Despite its monstrous and monstrously-complex die, the RTX 2080 Ti Founders Edition actually comes with a slightly higher boost clock spec than the smaller GP102 die before it, at 1635 MHz, versus 1582 MHz for the GTX 1080 Ti. Nvidia calls that a factory overclock—if you believe overclocks are something that comes with a warranty, at least. In practice, the GPU Boost algorithm of Nvidia graphics cards will likely push Turing chips to similar real-world clock speeds, given adequate cooling. We'll need to test that for ourselves soon.

Aside from the big and future-looking changes in Turing chips themselves, Nvidia's new pricing strategy for the RTX 2070, RTX 2080, and RTX 2080 Ti is going to make for some tricky generation-on-generation comparisons. The $600 RTX 2070 is $150 more expensive than the $450 GTX 1070 Founders Edition. The $800 RTX 2080 Founders Edition sells for $100 more than the GTX 1080 Founders Edition did at launch—and as much as $300 more than that card's final suggested-price drop to $500. In turn, the RTX 2080 Ti Founders Edition commands a whopping $500 more than the GTX 1080 Ti's $700 sticker, at $1200.

In the past, then, the RTX 2070 might have been called an RTX 2080, the RTX 2080 a 2080 Ti, and the RTX 2080 Ti some kind of Titan. The reality of Turing naming and pricing seems meant to allow Nvidia to claim massive generation-to-generation performance increases versus Pascal cards by drawing parallels between model names and eliding those higher sticker prices.

Dollar-for-dollar, however, keep in mind that the RTX 2080's $700 partner-card suggested price and the Founders Edition's $800 price tag make the $699-and-up GeForce GTX 1080 Ti a better point of comparison for Turing's middle child. The GeForce GTX 2080 Ti Founders Edition matches the Titan Xp almost dollar-for-dollar. We don't have a Titan Xp or Titan V handy to test our RTX 2080 Ti against our back-of-the napkin math for those cards, but our theoretical measures of peak graphics performance put the RTX 2080 a lot closer to the GTX 1080 Ti than not. On a price-to-performance basis, then, the improvements in Turing for traditional rasterization workloads could be more modest than Nvidia's claims suggest.

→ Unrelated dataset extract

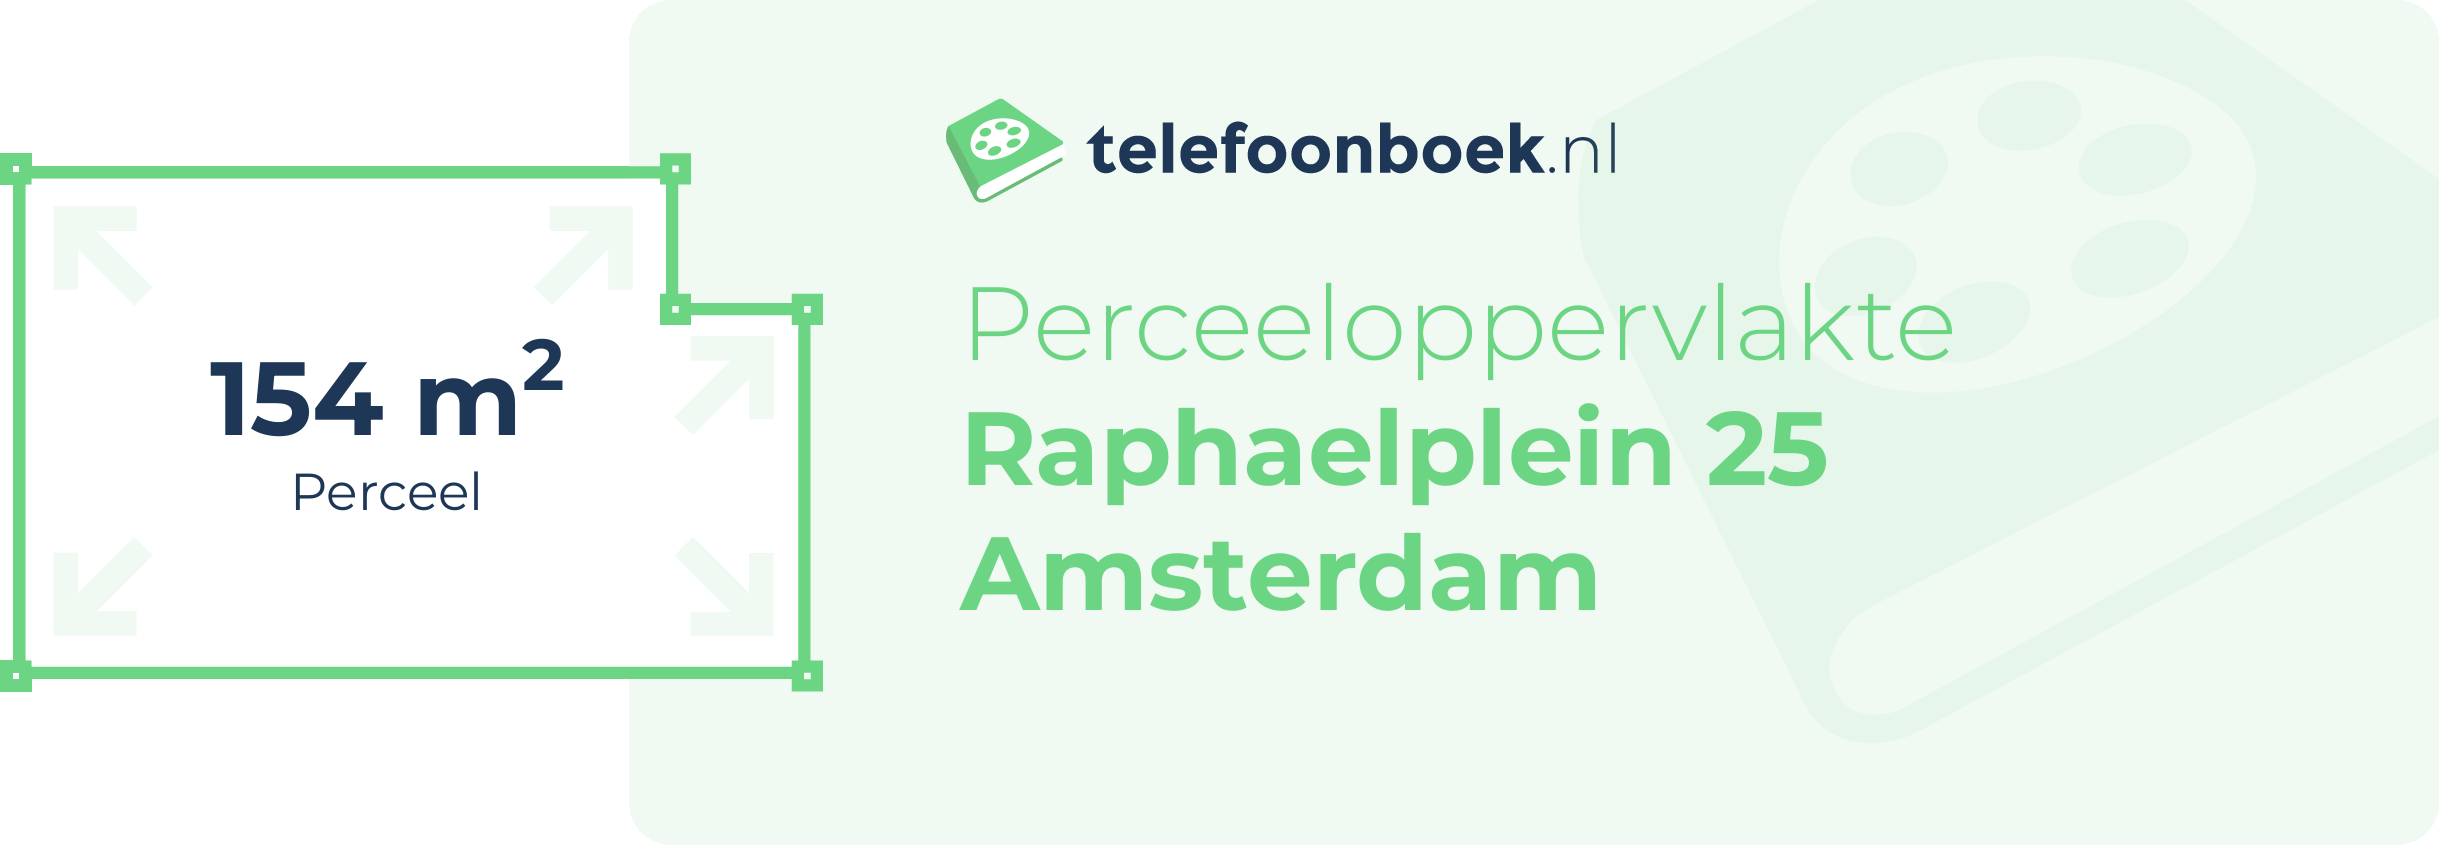 Perceeloppervlakte Raphaelplein 25 Amsterdam
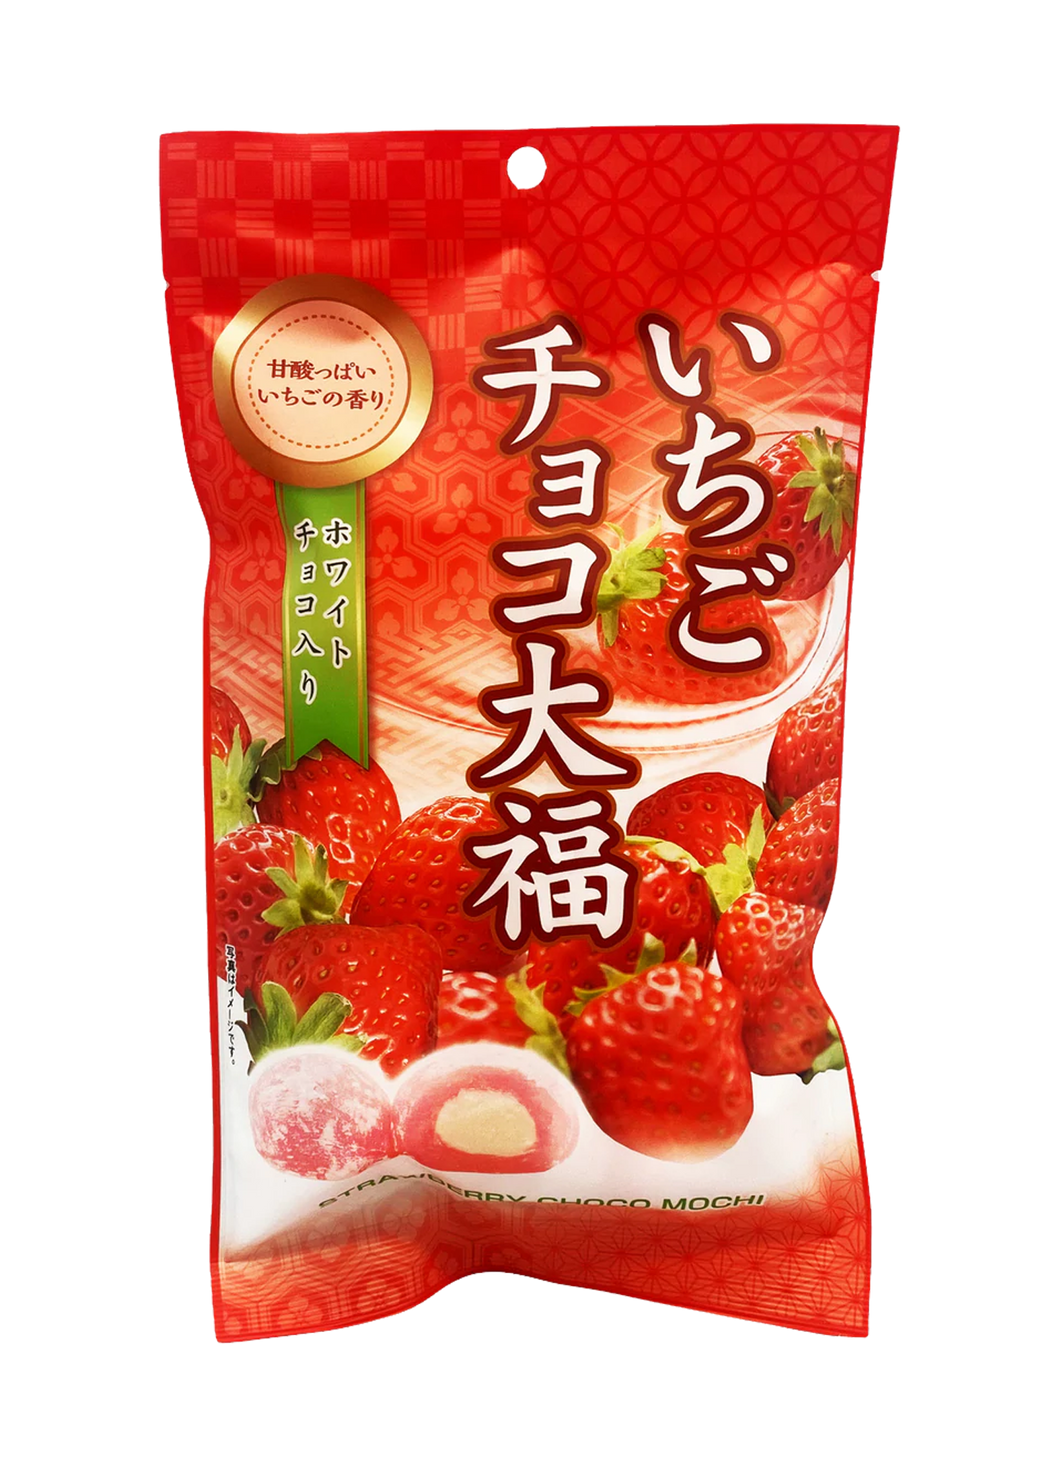 Seiki Strawberry Choco Mochi 160g

On top of the naming confusion, the two suggested-price tiers for Turing cards—a cheaper one for partner cards and a more expensive one for Nvidia's Founders Editions—seem guaranteed to cause double-takes. I expect that at least in the early days of Turing, there's no reason Nvidia board partners will want to leave a single dollar on the table with those separate, lower prices when Founders Edition cards are commanding more money for what is essentially the same product once the rubber hits the road. In the real world, the Founders Edition suggested price is the de facto suggested price, and retailer listings are already bearing that fact out.